### TASK OBJECTIVE
All of the data below should come back exactly as written, minus its images.

### SUPPLIED DATA
::::

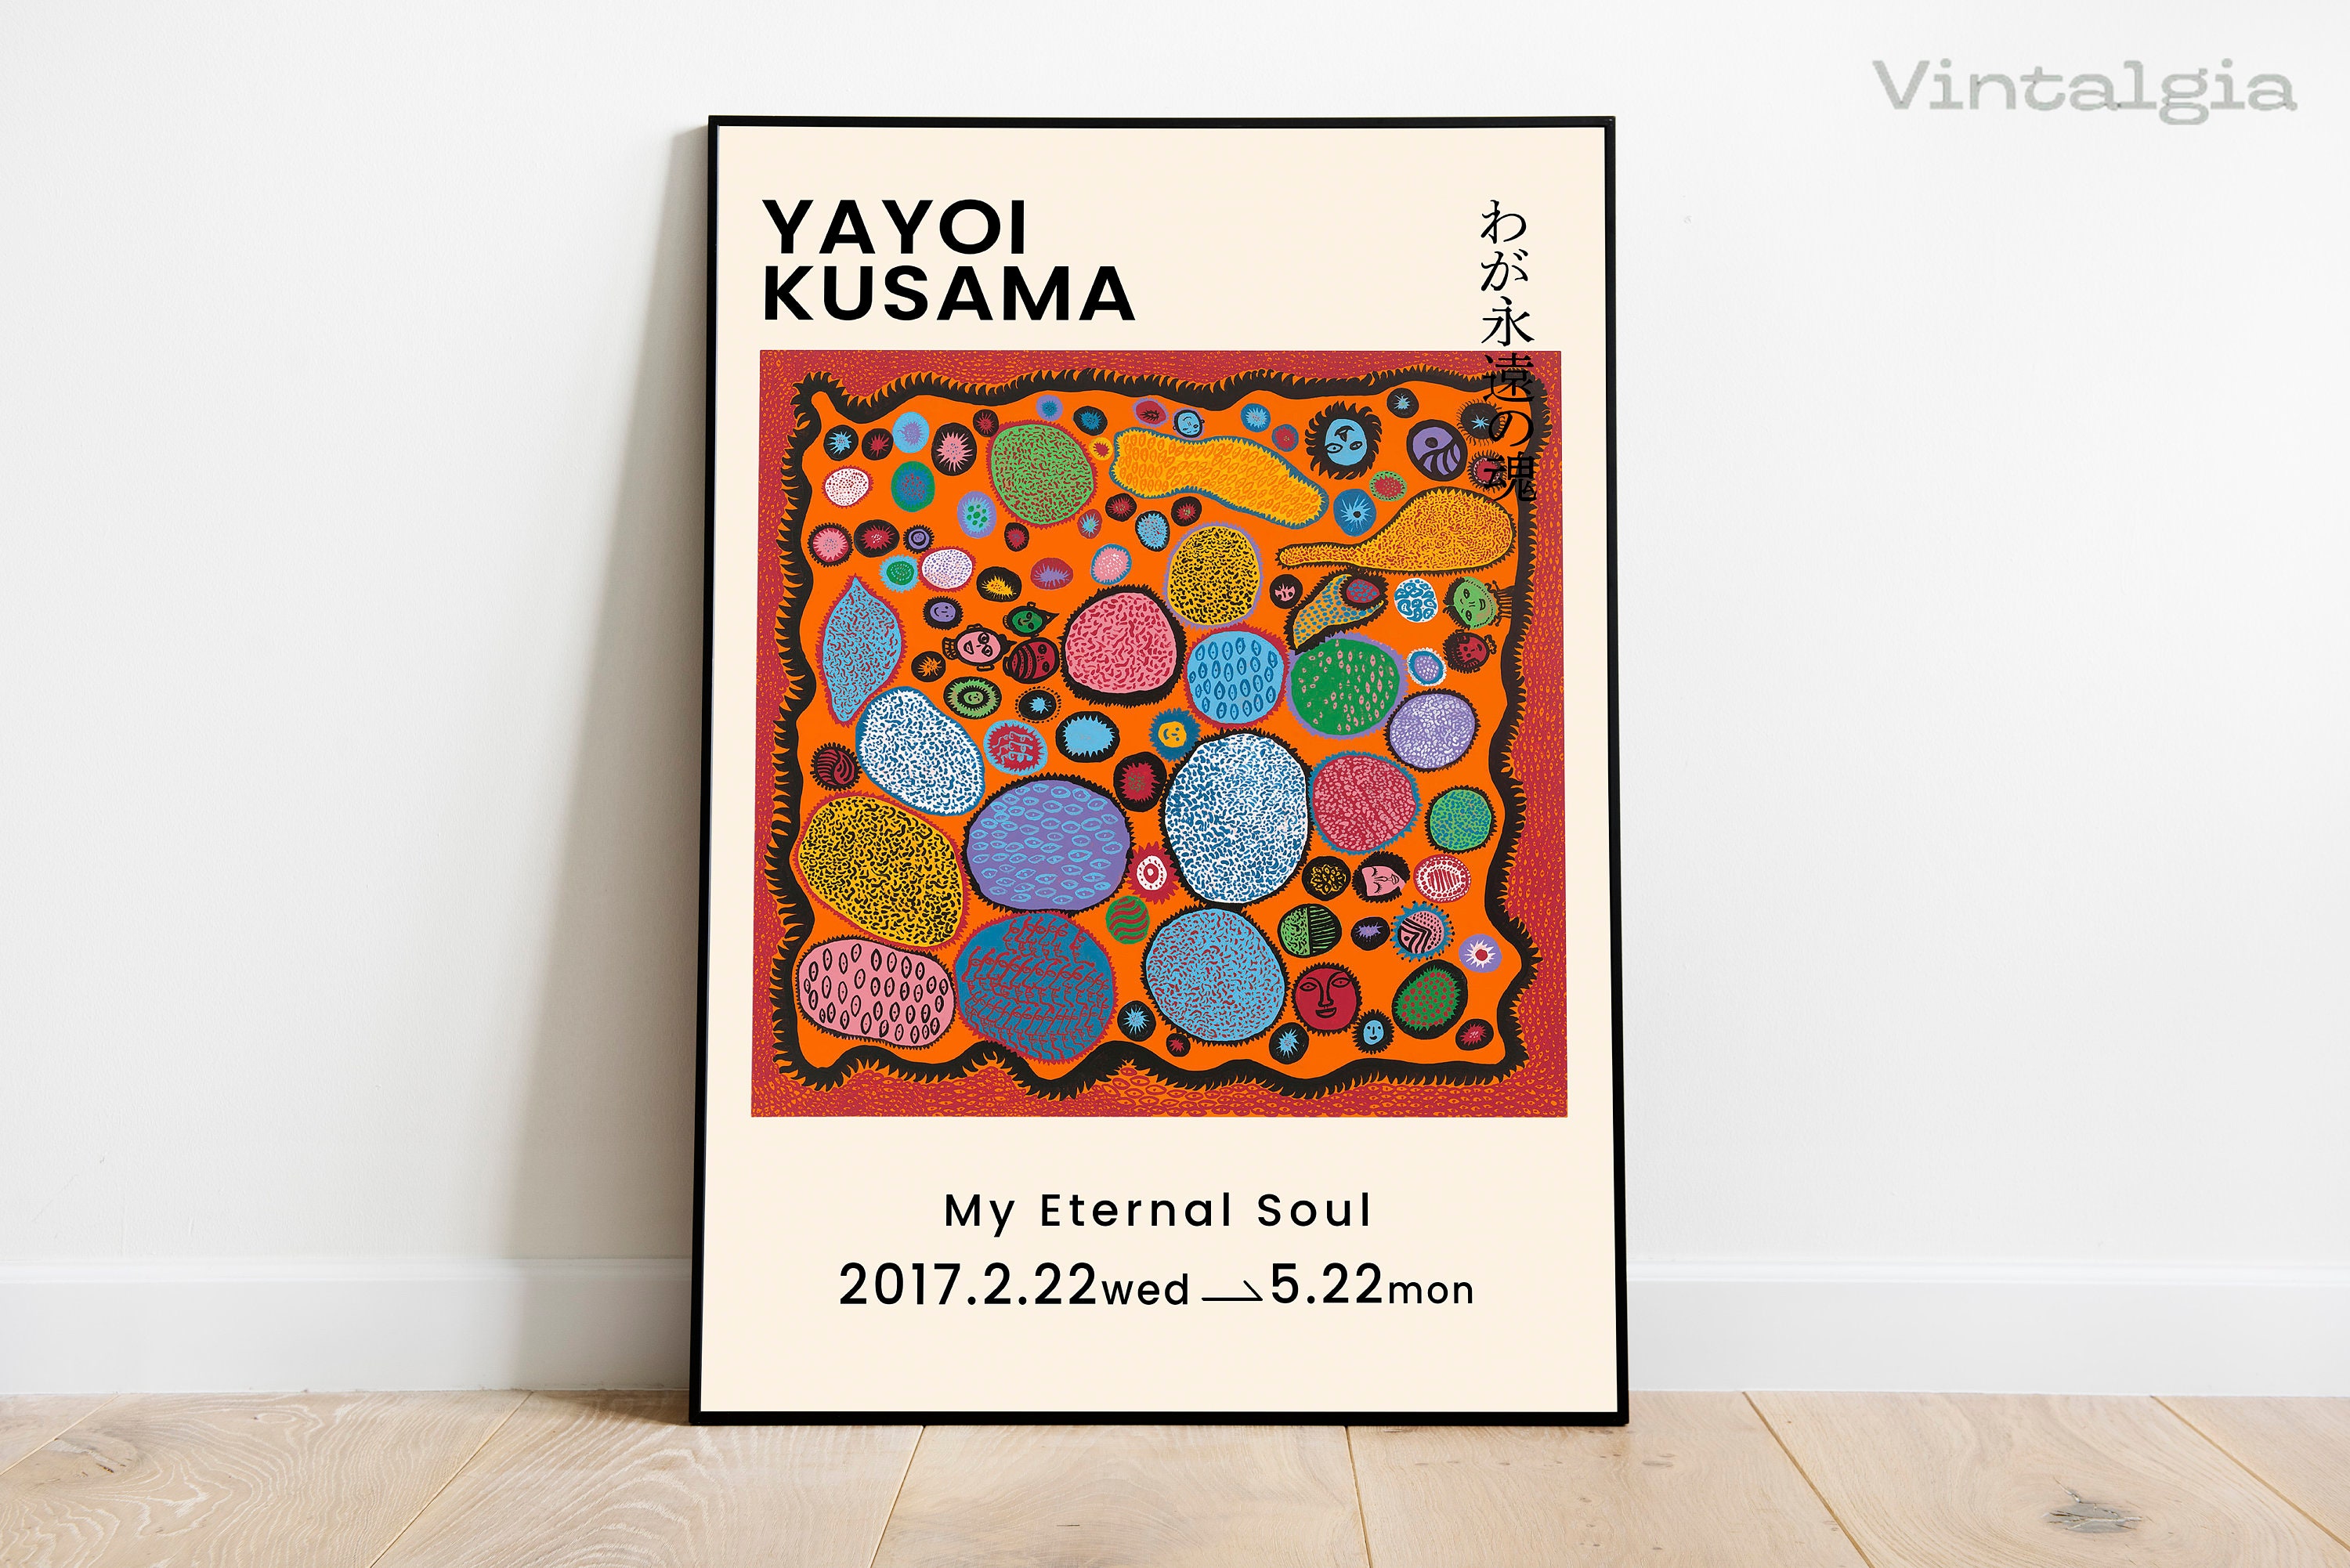 Art that smells great! Japanese contemporary artist Yayoi Kusama
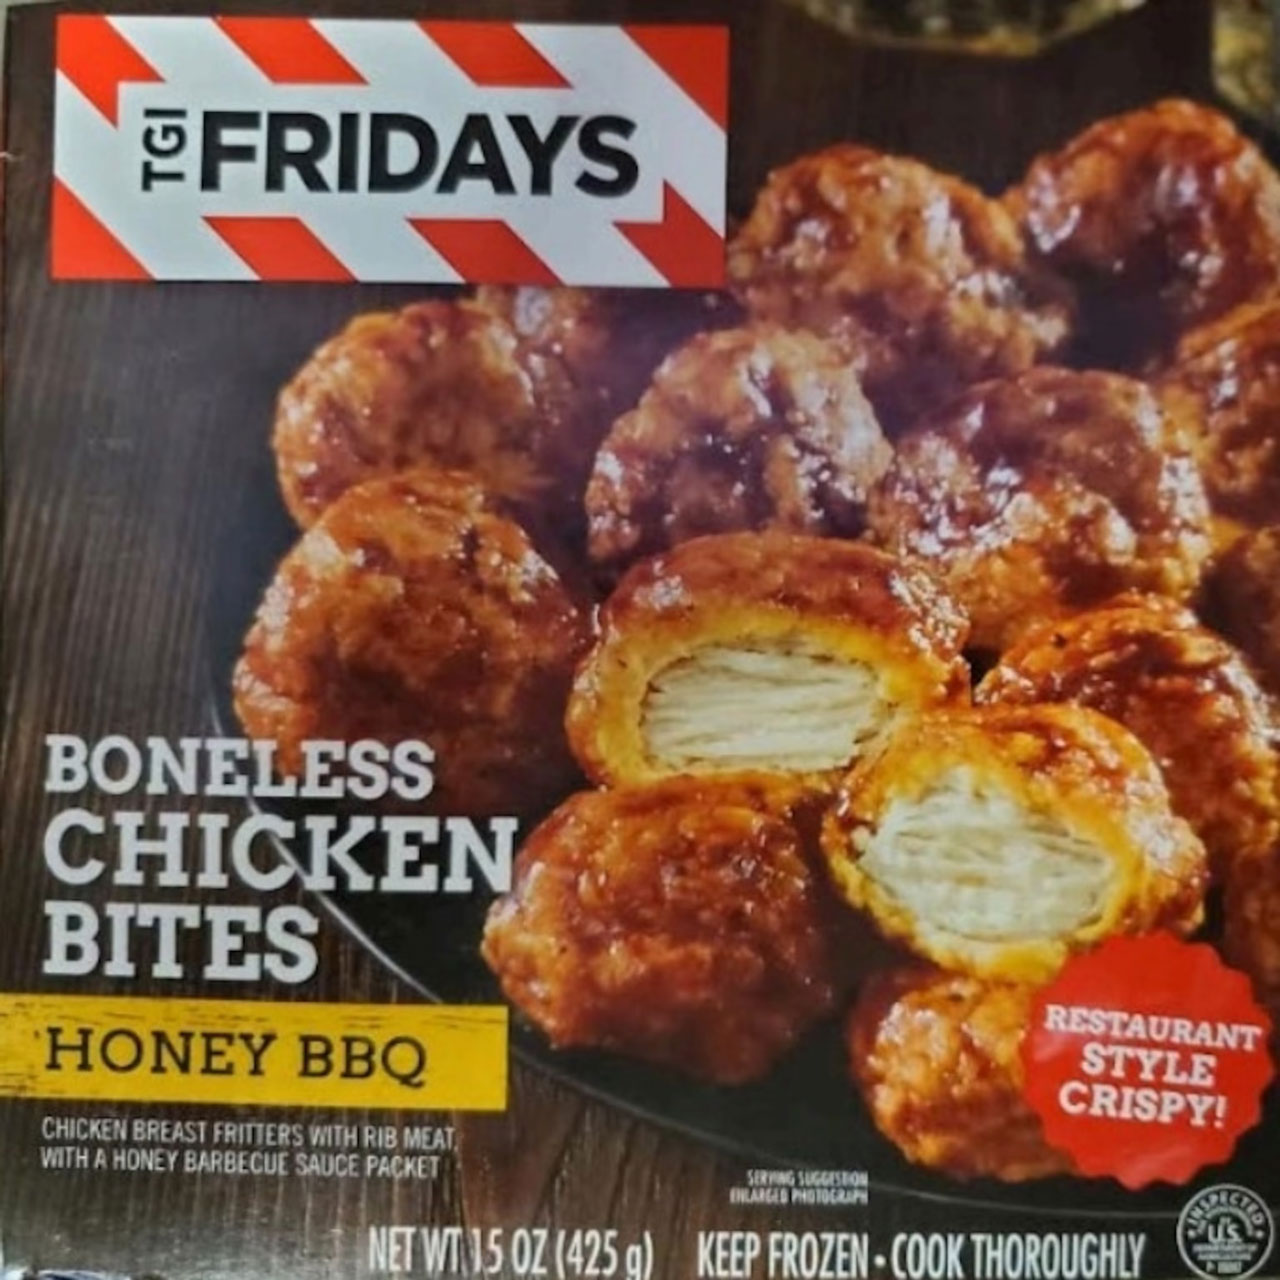 recalled tgi fridays boneless chicken bites
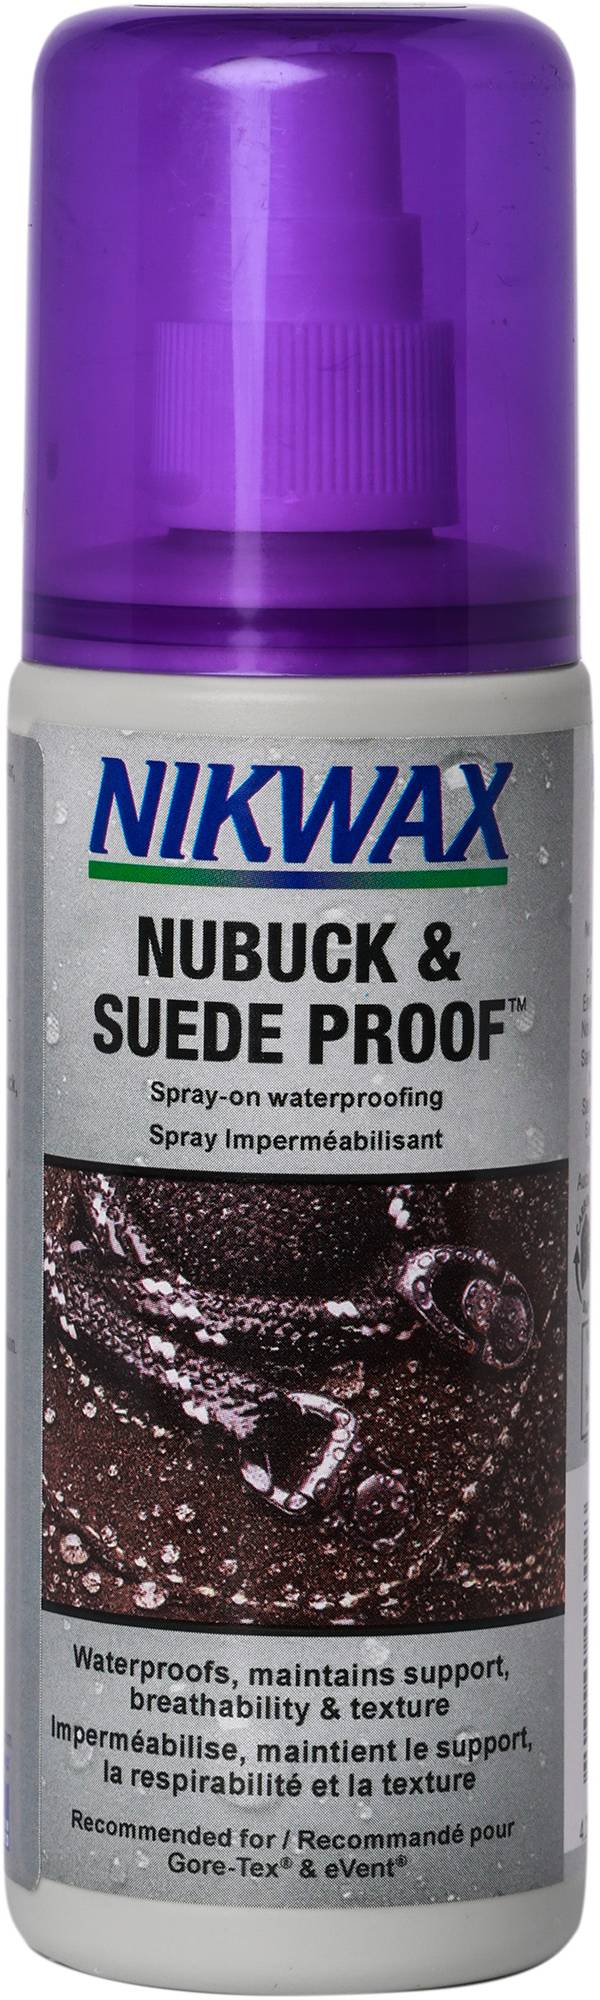 Nikwax Nubuck & Suede Proof Spray-On Protector product image

::::

### FINISHED EXERCISE
 Art that smells great! Japanese contemporary artist Yayoi Kusama
 recalled tgi fridays boneless chicken bites
 Nikwax Nubuck & Suede Proof Spray-On Protector product image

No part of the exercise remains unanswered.